Rocco’s new/used Thundershirt, 5$ Craigslist score over the weekend—sporty yet functional, the clingy fabric not only accentuates his chiseled physique, but seems to be helping with the poor fella’s fireworks/thunderstorm/car-induced anxiety—and I lived to tell the tale.
I told both my sisters, on separate occasions, about my recent fabulous find: about how Thundershirts are around forty bucks new, about how I tried one years ago which didn’t seem to do much for Rocco, about how evidently, the 4th of July starts in May in my new neighborhood, about how, between fireworks and thunderstorms of late, poor li’l guy’s a basket case and nothing has helped to settle him down—CBD oil, Rx drugs—nothing. Instead of buying new, I thought I’d give good ol’ Craigslist a try; it’s served me so well in the past. As luck had it, I found a few Thundershirts listed, sent off a few emails to the sellers, then took off for the dog park. Got a text from one of the Craigslist people who happened to live in south Mpls, close to where we happened to be at the dog park. After our frolic, we swung by the seller’s house, tried on the shirt; not a perfect fit, but hey, for five bucks, we made it work.

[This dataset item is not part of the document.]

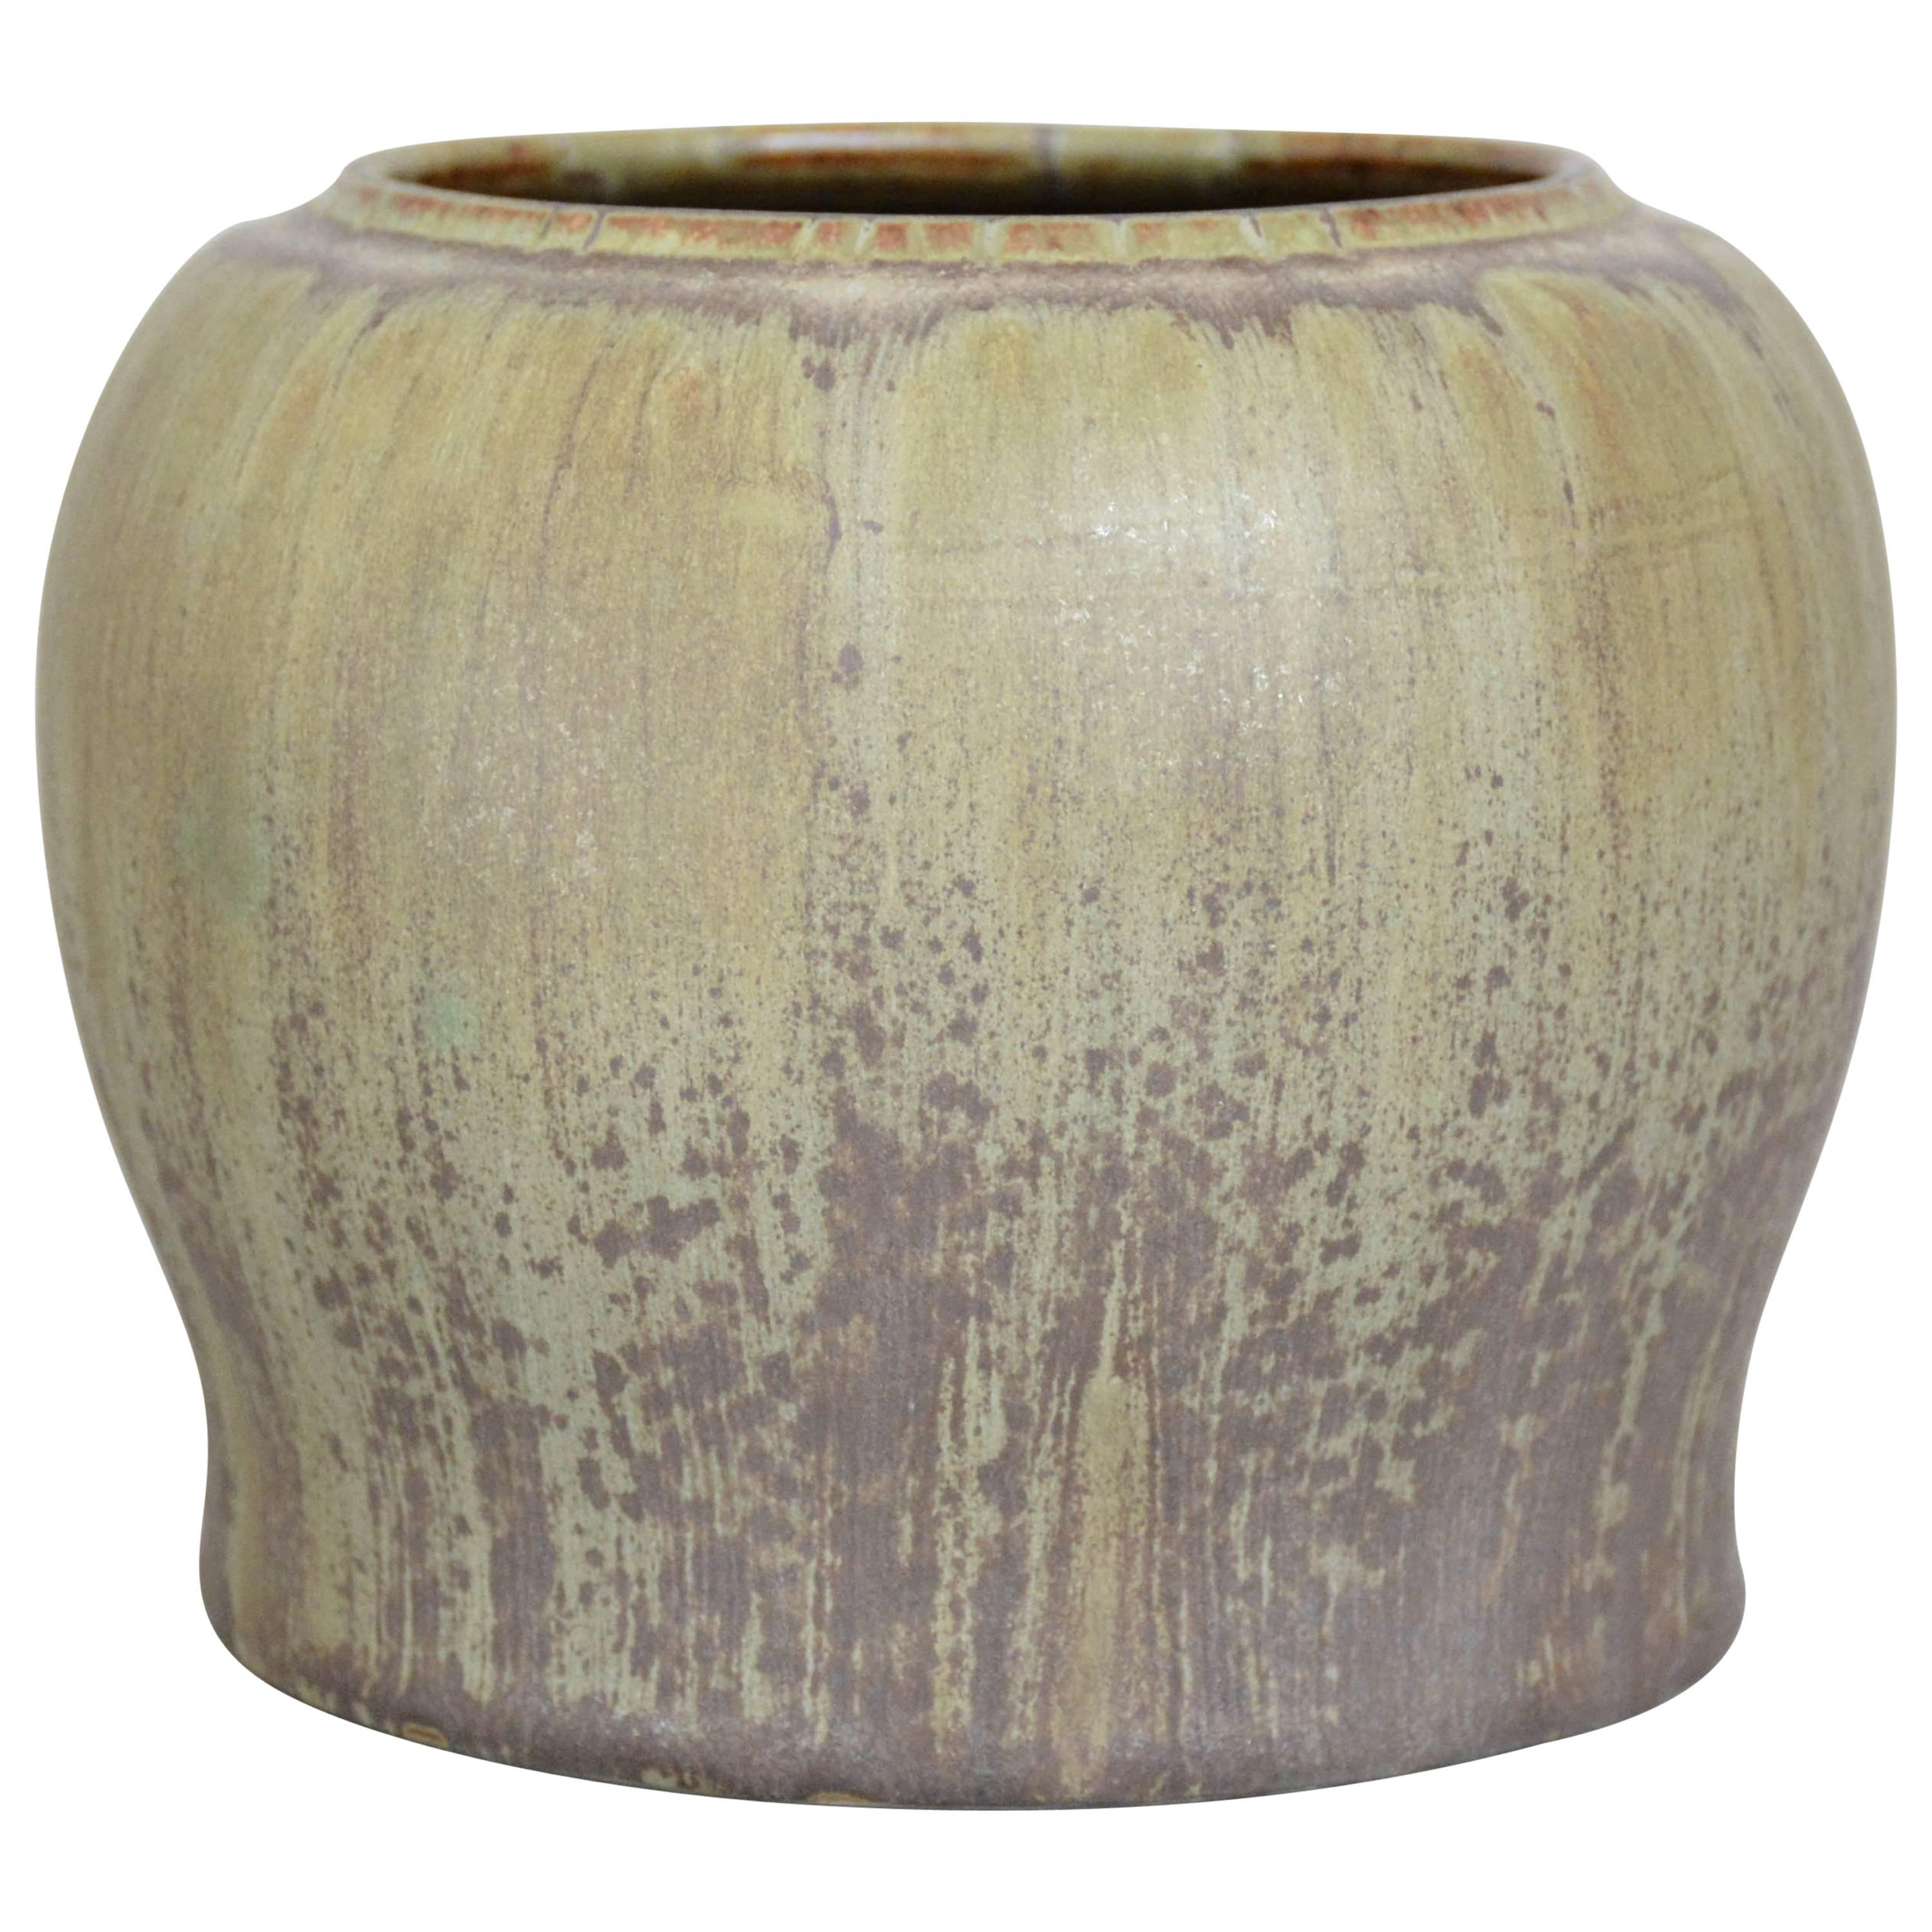 Stoneware Vase in Style of Patrick Nordstrom for Royal Copenhagen

I hand the masked (yay!) woman a five, she asks, “Hey, how limber are you?” Not gonna lie—she caught me off guard with her curious question. But, before I can answer, she tells me that she was weeding her front flower beds and scared a baby bunny out from her hostas, which leapt into an egress window well and was now trapped. She walks me over to the window, we peer over the edge. Sure enough, down at the bottom, a tiny ball of fur sat motionless in a corner. “I’ve got bad knees and a bad back, there’s no way I can get down there to rescue it,” she tells me, as though she could tell that I am a climber of trees, a saver of turtles in the road and ants trapped in my bathtub and wasps in my bedroom and stray dogs on the street. Or maybe I just looked like the world’s biggest sucker. “Of course I’ll climb down and scoop the little bunny out,” I said, as I put Rocco back in the car.

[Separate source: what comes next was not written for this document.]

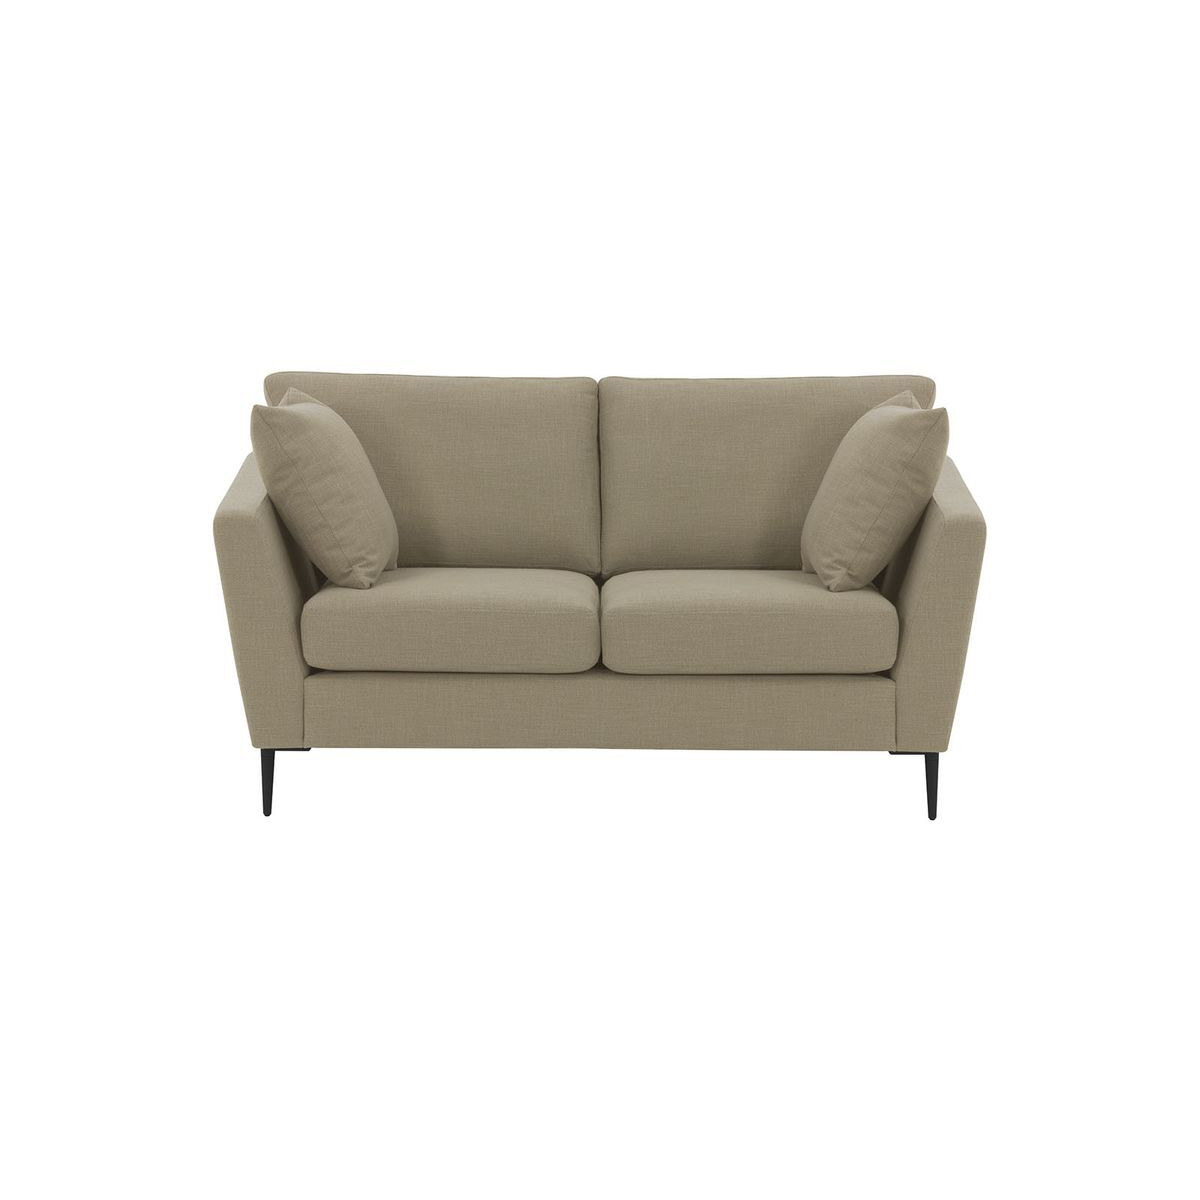 Imani 2 Seater Sofa, beige - image 1

When I get to this part, about lowering myself into the window well that’s almost as deep as I am short, about 5 feet, give or take a few inches, BOTH of my sisters, on separate occasions, interrupt me with a piercing shriek. “What the HELL is WRONG with you, Jennifer Kay Hildebrandt??!! What part of ‘how limber are you?’ don’t you understand?!” they both cry out. “That’s how people get MURDERED! Baby rabbit my ass—don’t you remember Silence of the Lambs—’It rubs the lotion on the body or it gets the hose again!!!’??!!! She was going to club you with the shovel and someone in the basement was waiting to drag you by the feet into the house through the window!”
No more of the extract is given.